For ophthalmic laser procedures wherein eye tissue is to be photdisrupted or ablated, it is extremely important for the laser beam to be properly focused to a specific focal spot in the tissue that is to be affected. Also, it is extremely important that the focal spot have good definition. To do all of this, it is necessary for the laser beam to be as free from aberrations as possible. Considerations here include the eye itself, as well as the laser system. In particular, for ophthalmic laser procedures involving the cornea, it happens that the spherical geometry of the cornea introduces aberrations on its own which are separate and independent of the laser system being used. Importantly, these corneal induced aberrations distort the definition of the focal spot of the laser beam in the cornea. In order to improve this situation, these aberrations need to be eliminated or significantly minimized.
Due to the spherical geometry of the anterior surface of the cornea, two types of aberrations are of particular importance.

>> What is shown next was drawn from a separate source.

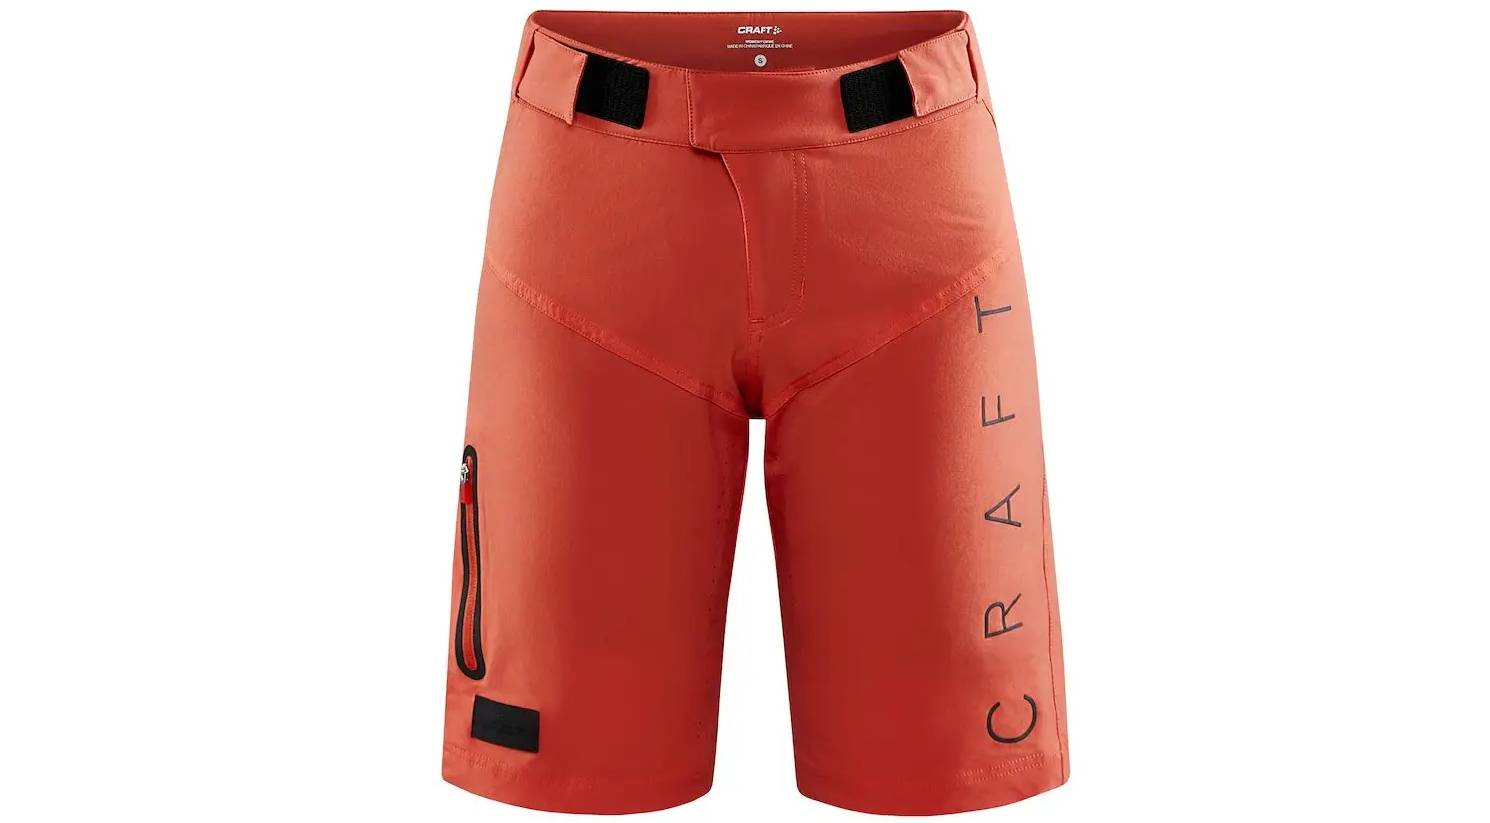 Фотография Велошорты Craft ADV Offroad XT Shorts with Pad женские, размер L, сезон SS 21, оранжевый

These are: spherical aberration (which relates to points on the optical axis of the laser beam), and coma (which relates to points that are off-axis). Spherical aberration and coma are similar to each other in that they both arise from a failure to image or focus rays at the same point. Coma differs from spherical aberration, however, in that a point object is imaged not as a circle but as a comet-shaped figure (whence the term "coma"). Nevertheless, in both cases, there is a loss of definition at the focal spot.
By definition, an aplanatic lens is one which is free from both spherical aberration and coma. Still, because an interface between different media is involved, the sine condition must be considered. It then follows that aplanatic refraction results under conditions in which there is no spherical aberration or coma, and in which the sine condition is satisfied. Mathematically, the sine condition is satisfied when: EQU n.sub.1 I.sub.1 sin.alpha..sub.1 =n.sub.2 I.sub.2 sin.alpha..sub.2
where n.sub.1 and n.sub.2 are the refractive indices of the media on the laser source and focal spot sides of a media interface respectively, I.sub.1 and I.sub.2 are the linear dimensions of the laser source and focal spot, and .alpha..sub.1 and .alpha..sub.2 are the angles made with the principal axis by the conjugate portions of a ray passing between the laser source and the focal spot through the media interface.
As recognized by the present invention, aplanatic refraction at the anterior surface of the cornea can be effectively accomplished by flattening the anterior surface. With such a reconfiguration of the cornea, as a laser beam enters the cornea the sine condition will be satisfied and, importantly, the laser beam will be free of aberrations (other than chromatic) which would otherwise result from the spherical geometry of the cornea's anterior surface.
In light of the above, it is an object of the present invention to provide a disposable aplanatic lens which will reconfigure the cornea for surgical laser procedures with a disposable aplanatic configuration. Yet another object of the present invention is to provide a disposable aplanatic lens which will stabilize and maintain a proper orientation of the eye during ophthalmic laser surgery. Still another object of the present invention is to provide a disposable aplanatic lens which will beneficially reduce intraocular pressure during ophthalmic laser surgery. Another object of the present invention is to provide a disposable aplanatic lens which is easy to use, relatively simple to manufacture and comparatively cost effective.